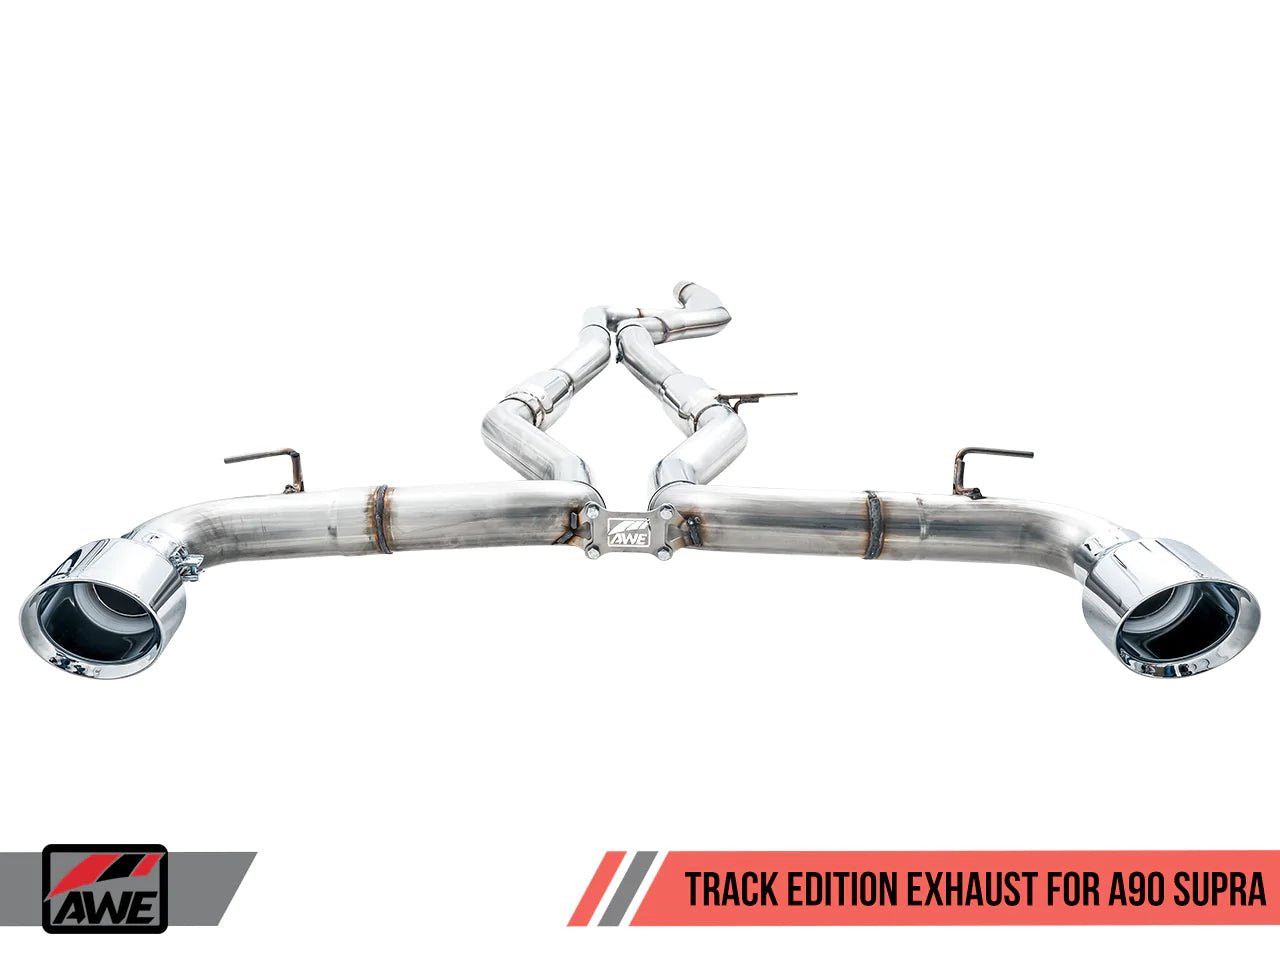 AWE Exhaust Suite For The Toyota GR Supra
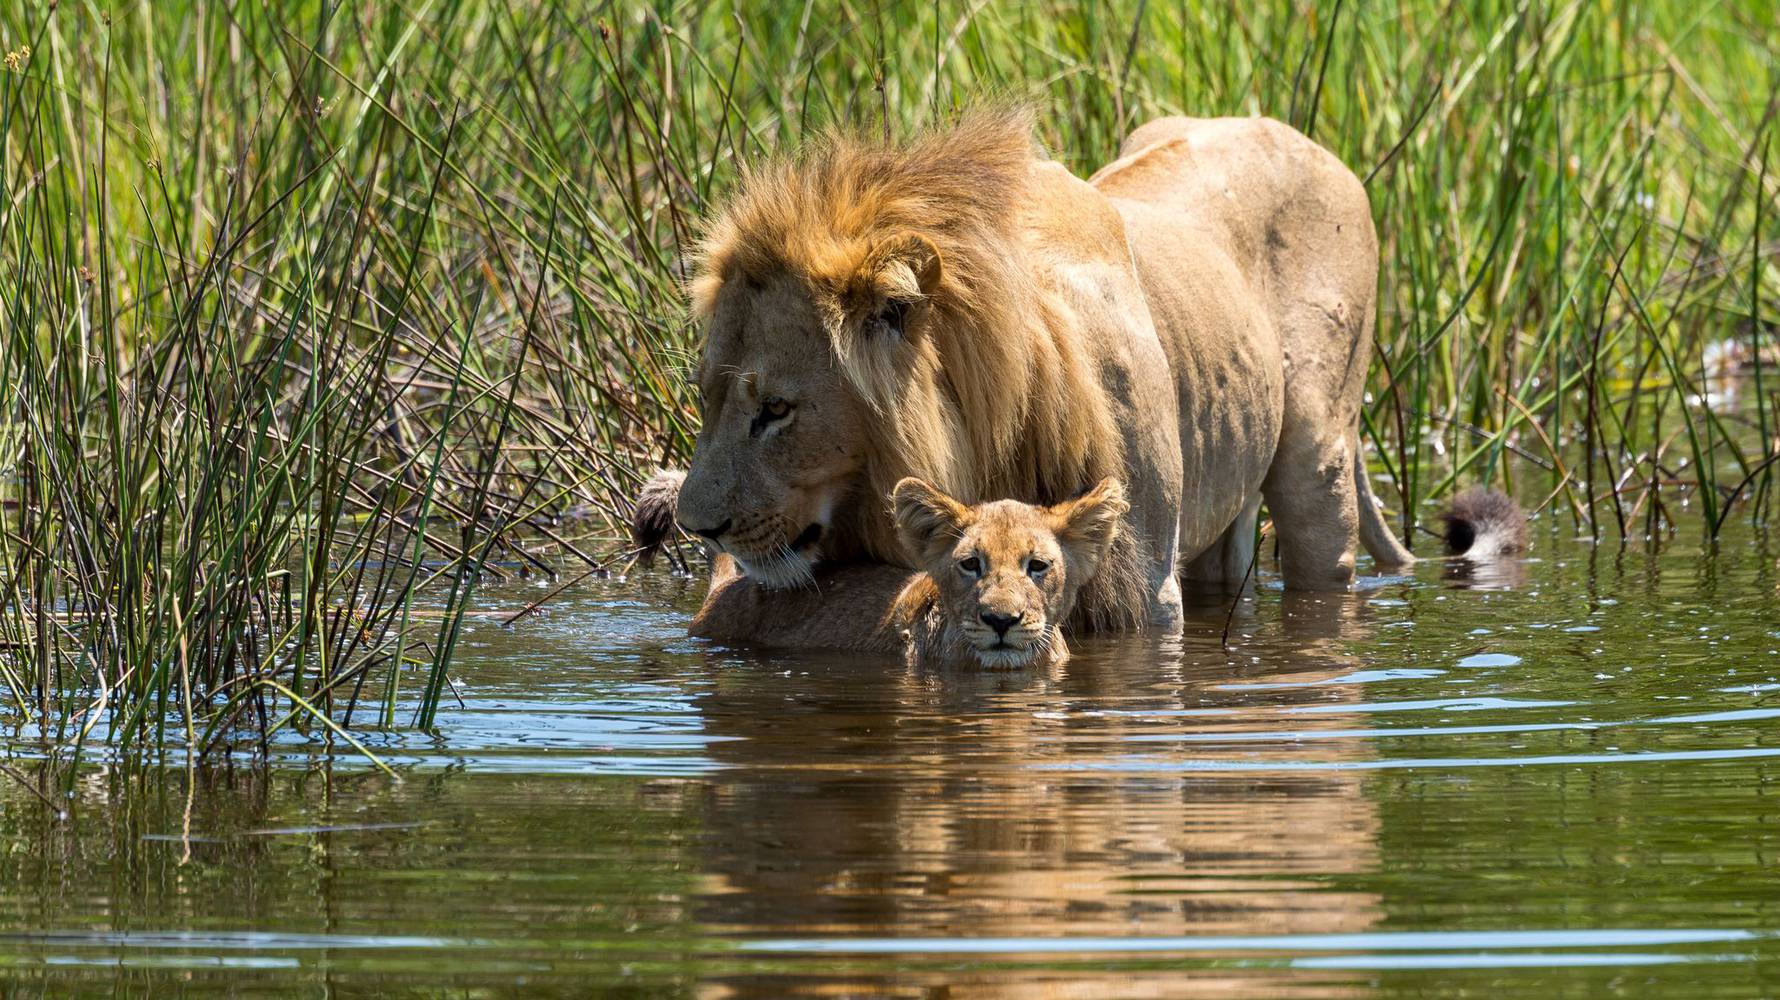 Lion_with_cub_in_water_L
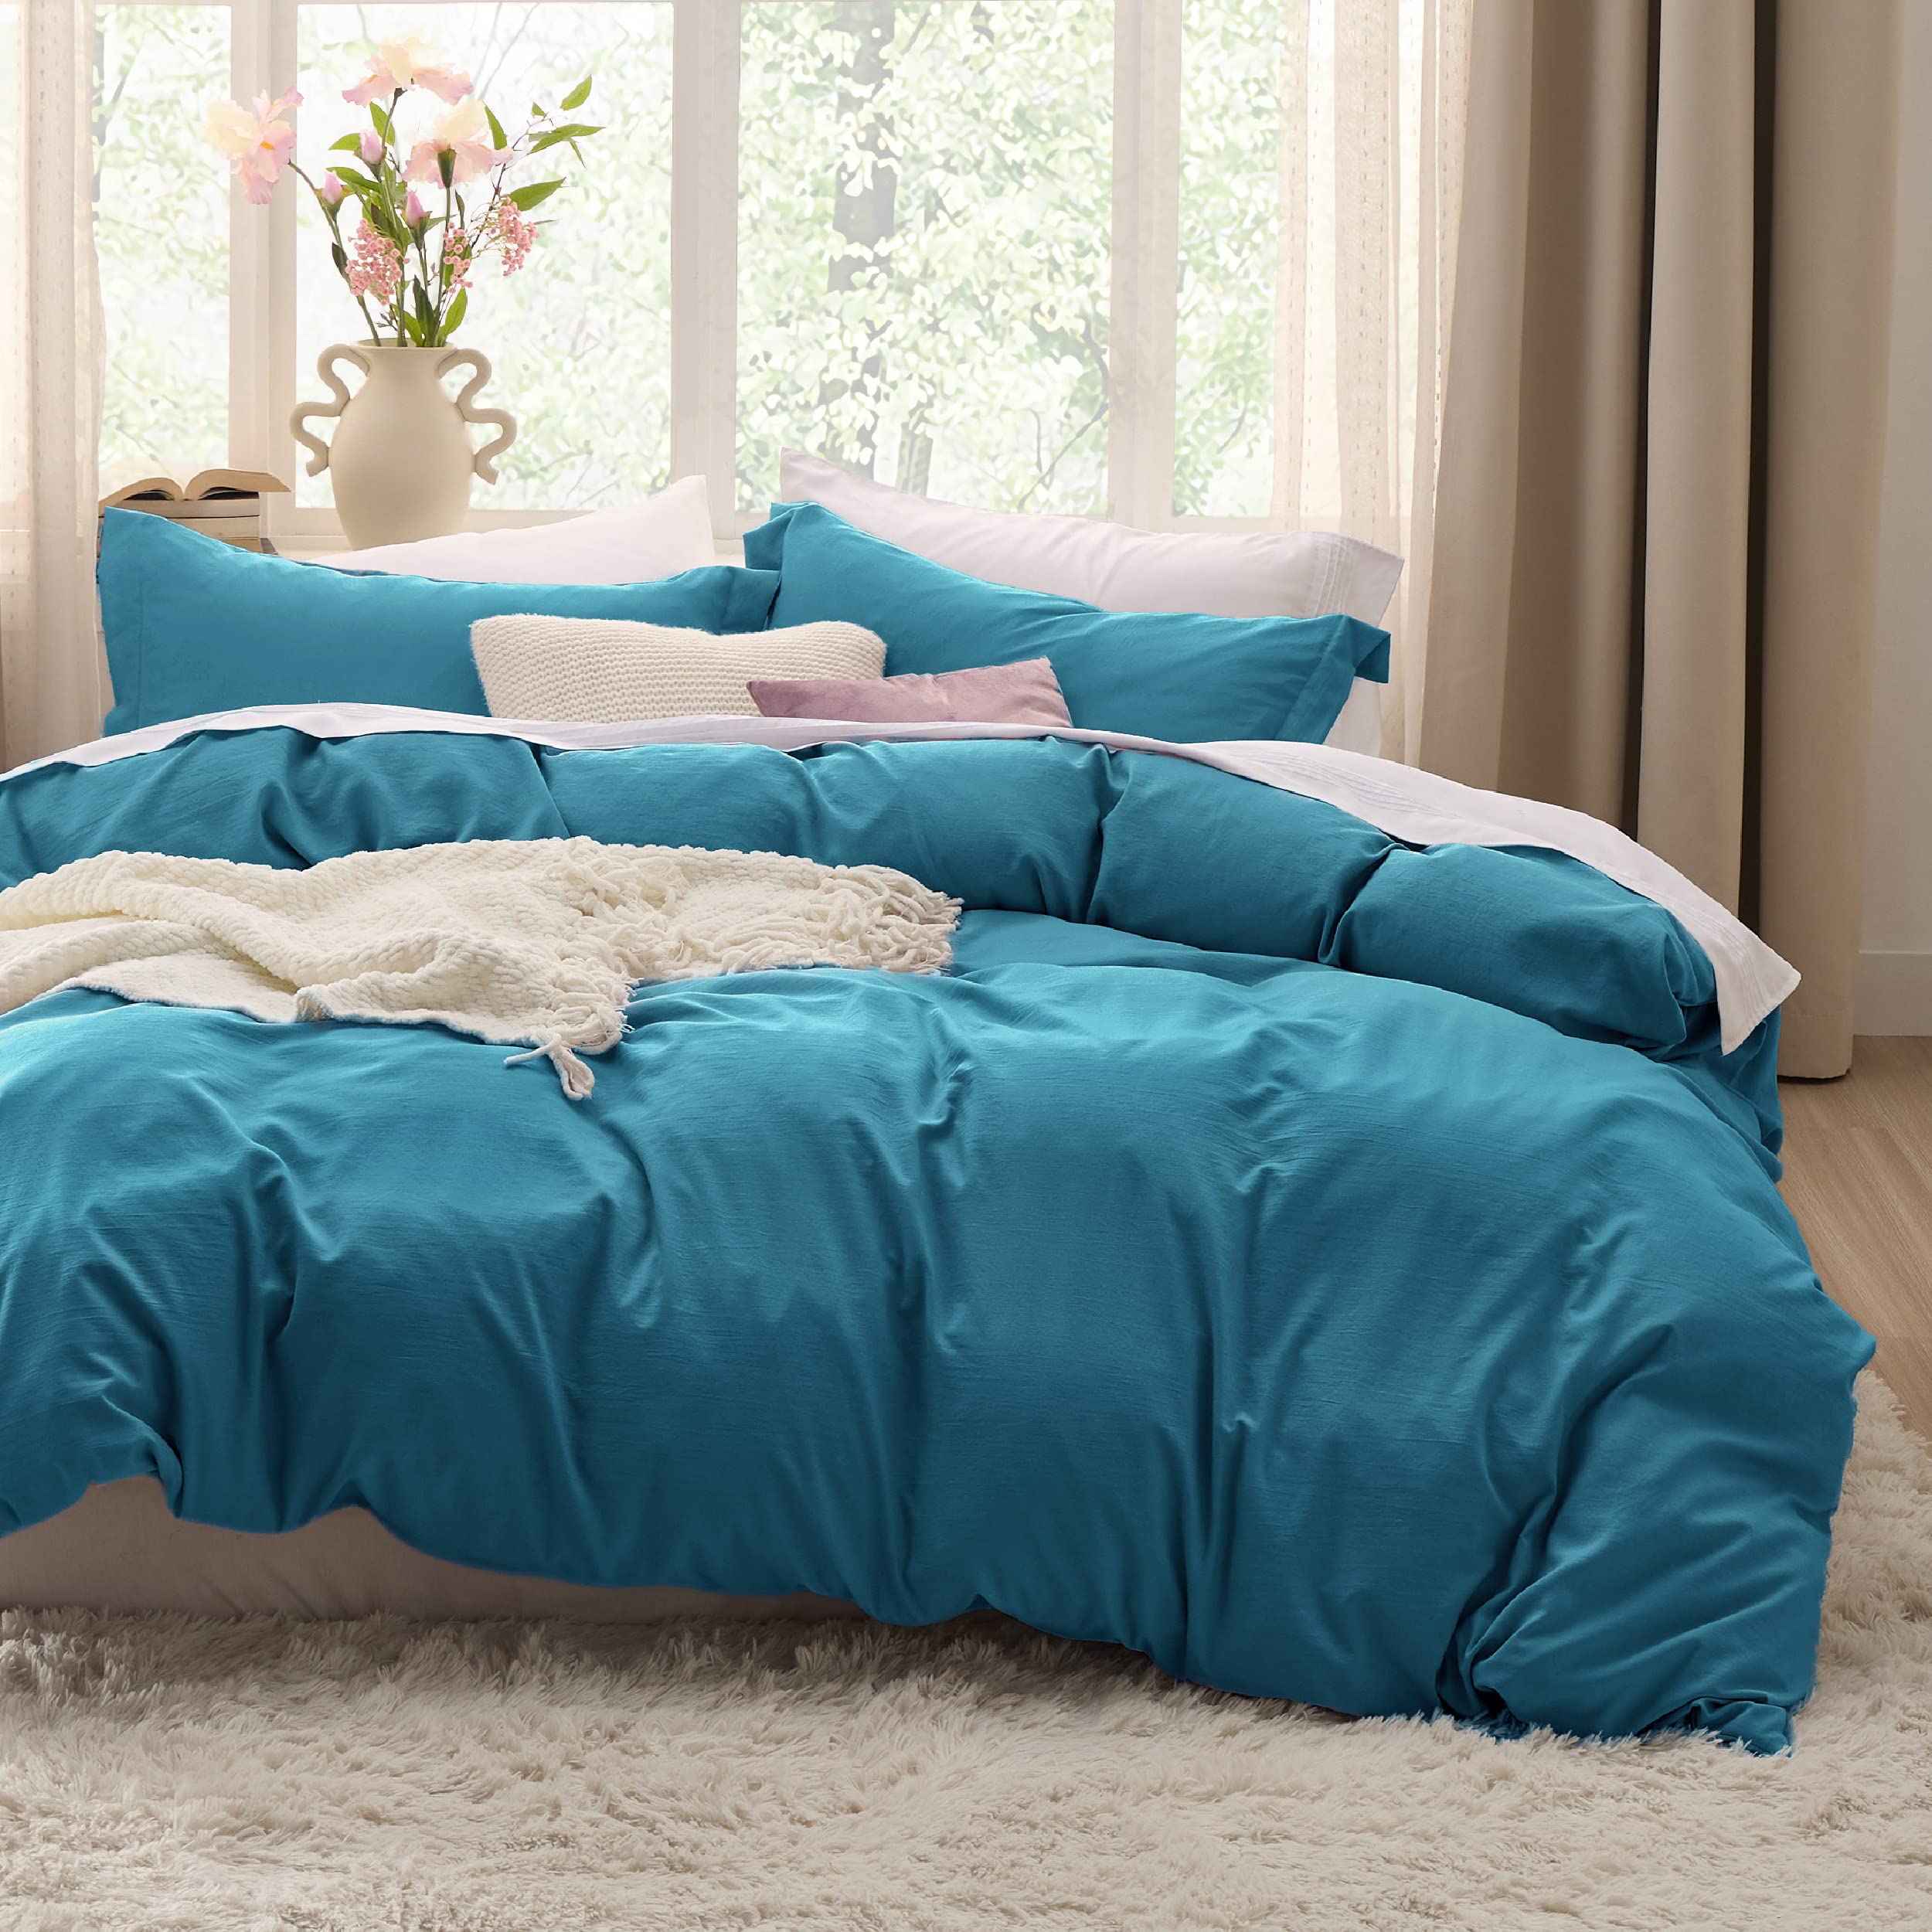 Book Cover Bedsure Teal Duvet Cover Queen Size - Soft Prewashed Queen Duvet Cover Set, 3 Pieces, 1 Duvet Cover 90x90 Inches with Zipper Closure and 2 Pillow Shams, Comforter Not Included Teal (No Comforter) Queen (90

* DIRECTIONS FOR THIS TASK *
A word-for-word copy is required of the lines above from the line with "Lion_with_cub_in_water_L" through the last line of the data; no other lines and no pictures belong in it.

* RESULT OF THE TASK *
 Lion_with_cub_in_water_L
 Book Cover Bedsure Teal Duvet Cover Queen Size - Soft Prewashed Queen Duvet Cover Set, 3 Pieces, 1 Duvet Cover 90x90 Inches with Zipper Closure and 2 Pillow Shams, Comforter Not Included Teal (No Comforter) Queen (90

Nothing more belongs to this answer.